Nicolas Roussel
Bio
Nicolas Roussel graduated from Ecole Normale Supérieure in 1998 and is now in charge of the research activities dealing with rheology and processing of construction materials at the Navier Laboratory, FRANCE. He is the founding editor of the RILEM technical letters journal and president of the RILEM association. He has received in 2007 the Robert L'Hermite award for his work on rheology of fresh concrete. With a Thompson Reuters H-index of 54 and more than 8.000 citations, he is the author or co-author of around 130 papers in scientific journals such as Cement and Concrete Research, Physical Review letters or Journal of Non-Newtonian Fluid Mechanics.
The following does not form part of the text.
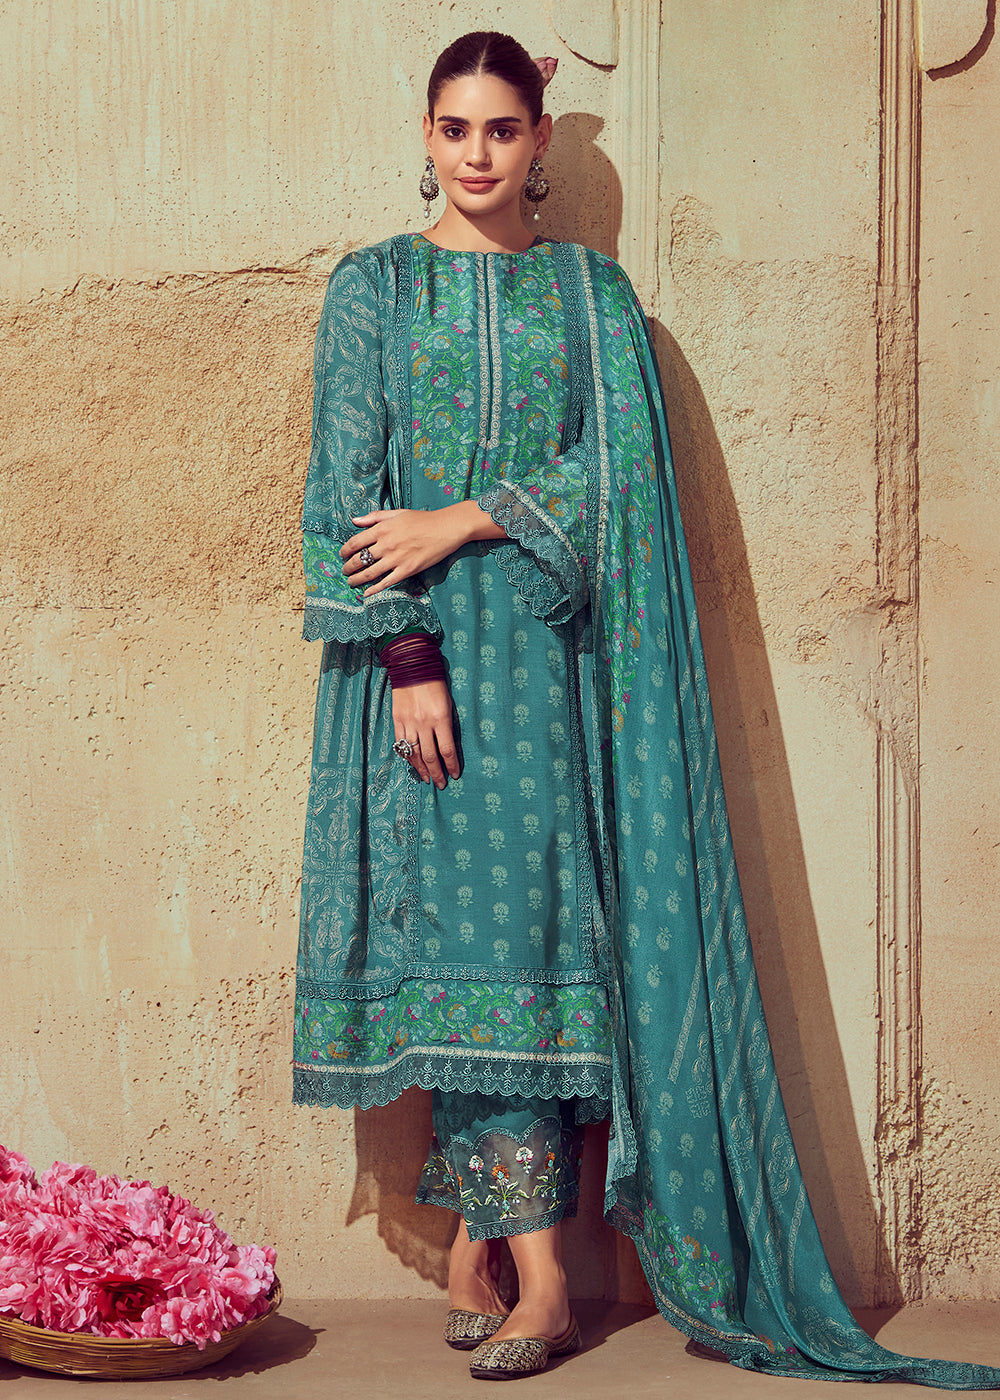 Buy Now Digital Printed & Embroidered Rama Green Muslin Salwar Suit Online in USA, UK, Canada, Germany, Australia & Worldwide at Empress Clothing.

His research focus spreads from concrete rheology and rheometry to the understanding of construction processing technologies.
KeyNote
Rheology and packing properties of cement-based materials
Abstract
Rheology of cement-based materials is reported to scale with various interparticle forces such as attractive colloidal forces or interparticle viscous lubrication forces. By playing on some organic molecules’ dosage and affinity for the cement grains surface, it was shown to be possible to specifically tune these forces and tailor the material fresh properties to the process. Rheology, however, also strongly depends on the packing properties of the suspending particles. As these properties do not change much for most standard Portland cements, this effect has often been considered as a secondary feature. However, substituting clinker by various alternative powders, including particles with very specific morphologies such as calcined clays, is bringing these aspects to the forefront of today’s research. This lecture will first cover the basics about packing properties, morphology and polydispersity. In a second part, we will discuss the tools allowing for some packing properties assessment and the existing artifacts. Finally, we will showcase the string role potentially played by the ettringite nucleation that follows the contact between cement and water and extrapolate on its consequences for blended cements.